Film review: The Dig

Some earthy performances, but the real treasure is overlooked in this Netflix feature about an archaeological dig, says Linda Marric


The true story behind the historical 1939 Sutton Hoo excavation in Suffolk is told in a new Netflix drama courtesy of Australian director Simon Stone (The Daughter). Adapted by Moira Buffini from John Preston’s 2007 novel of the same name, The Dig features two beautifully understated, one might say earthy performances from Ralph Fiennes and Carey Mulligan, but is often let down by its storytelling.

It’s summer 1939, and Britain is preparing for war against Hitler’s Nazi forces. A frail, wealthy widow Edith Pretty (Mulligan) hires self-taught working class archaeologist Basil Brown (a gruff and muted Fiennes) to lead a dig on the grounds of her property. Soon the two strike up a friendship driven by their shared love for ancient history. As the dig gets under way, the British Museum gets wind that a substantial discovery of an Anglo-Saxon burial ship is about to be made.

Soon a team headed by a brash and insufferably condescending archaeologist Charles Phillips (Ken Stott) arrives in Suffolk to take over the dig. Among the new arrivals are newlyweds Peggy and Stuart Piggott (two fine performances by Lily James and Ben Chaplin) whose marriage seems to be on the rocks already. Stuart appears to have little interest in his new bride, preferring the company of a close male colleague, she in turn catches the eye of Edith’s handsome cousin Rory (Johnny Flynn).

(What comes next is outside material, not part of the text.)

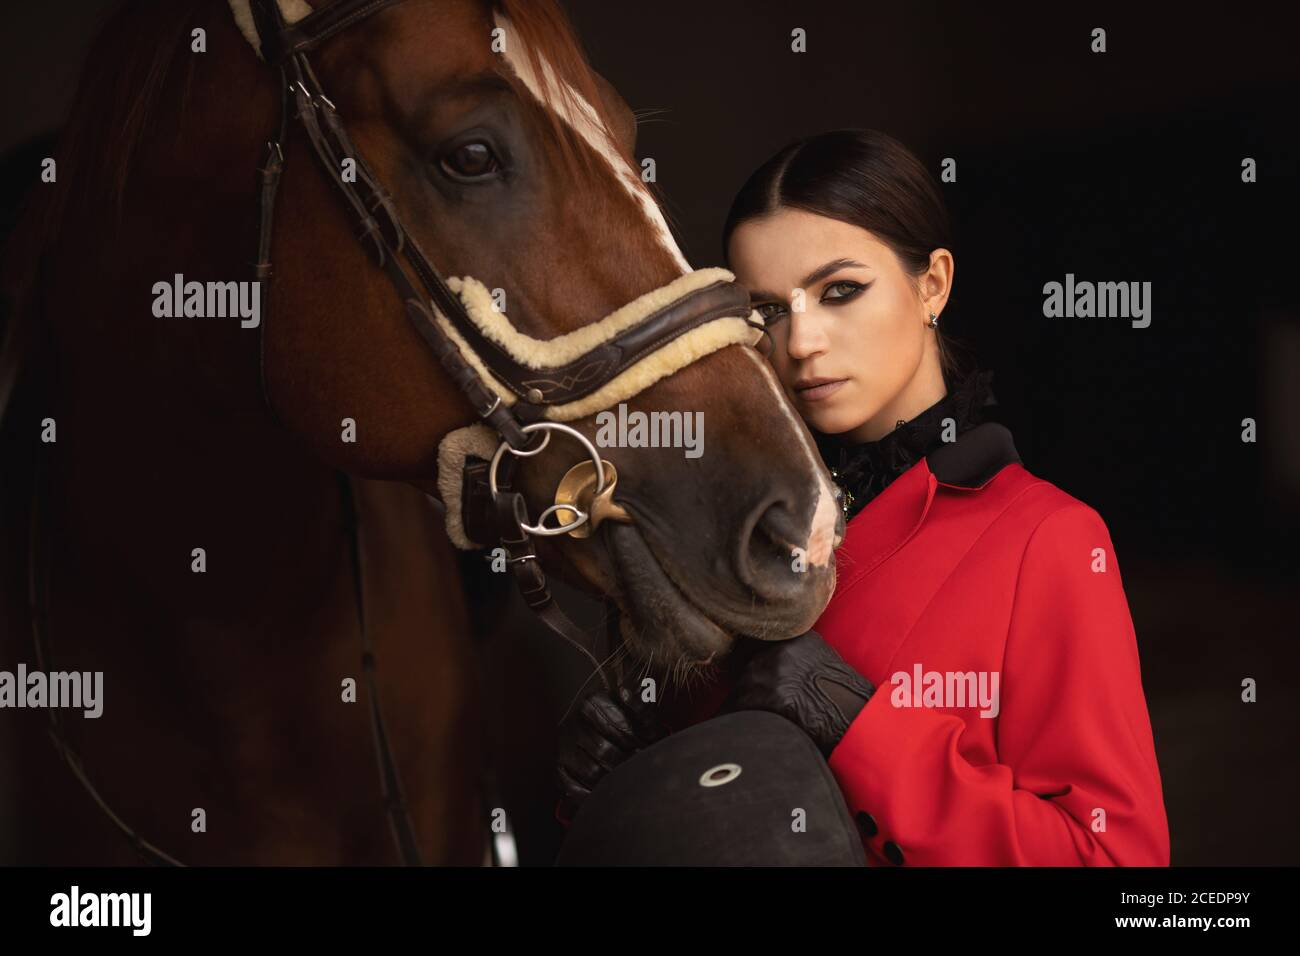 Jinete jinete jinete jinete abraza el caballo marrón con los ojos cerrados. Concepto de animales de amor Foto de stock
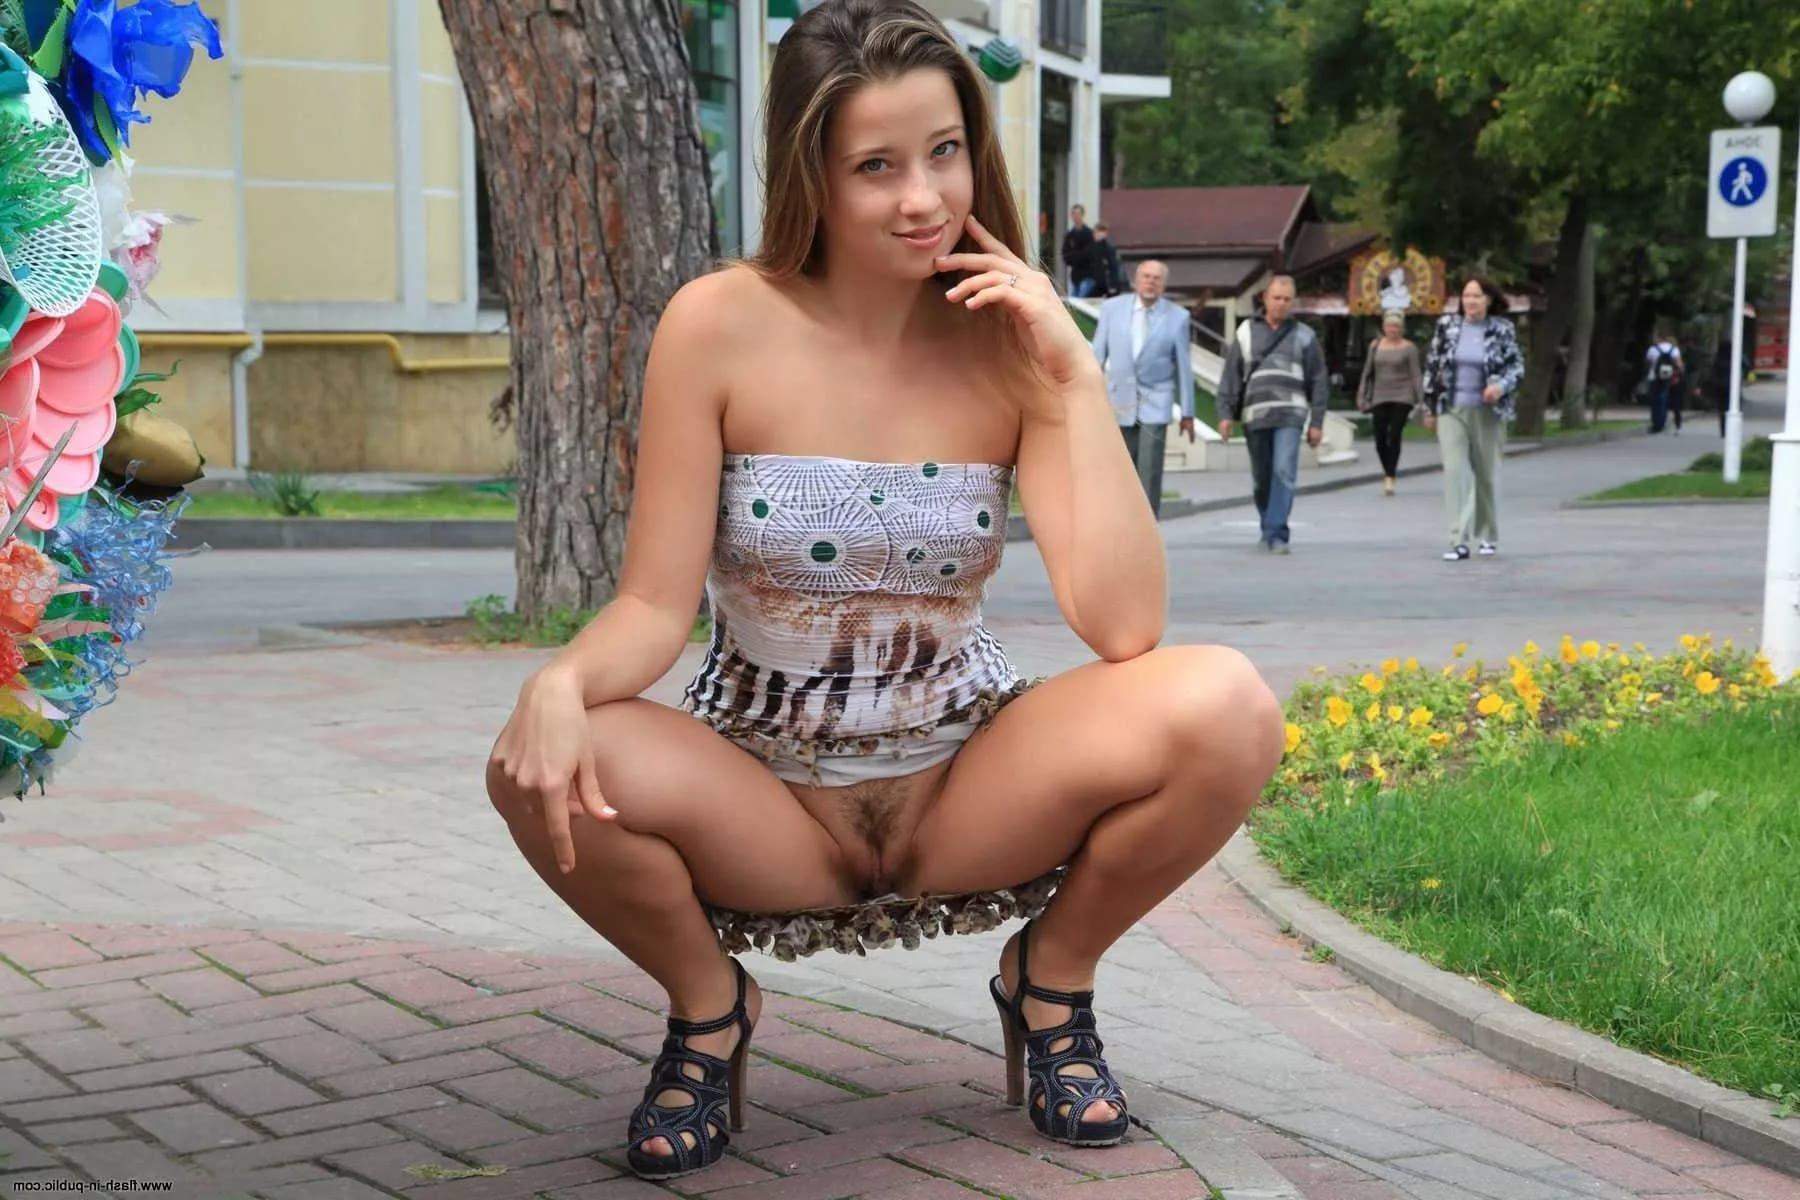 Смотреть видео девушки без трусиков под юбками

Although based on a true story, this beautifully shot heritage drama takes a fair amount of artistic licence with real life events. But the most jarring aspect of this otherwise engaging tale, comes halfway through the film when Mulligan and Fiennes’s quietly sedate friendship is relegated to mere background noise. Instead the film focuses on the sentimental romance developing between Peggy and Rory, a subplot which adds little to the film’s narrative.

Still, Mike Eley’s sunny, ethereal cinematography and Stefan Gregory’s uplifting score make up for the film’s otherwise gauche handling of the second and third acts. The result is a fairly pedestrian retelling of a story about two extraordinary people. Consolations include Monica Dolan’s exquisite performance as Basil’s wife Mary, while newcomer Archie Barnes gives a heartfelt turn as Edith’s young son Robert.

Overall, The Dig fails to unearth anything of great value beyond two genuinely thrilling performances by Mulligan and Fiennes. Still, the film manages to be engaging and hugely watchable despite its shortcomings in the storytelling stakes.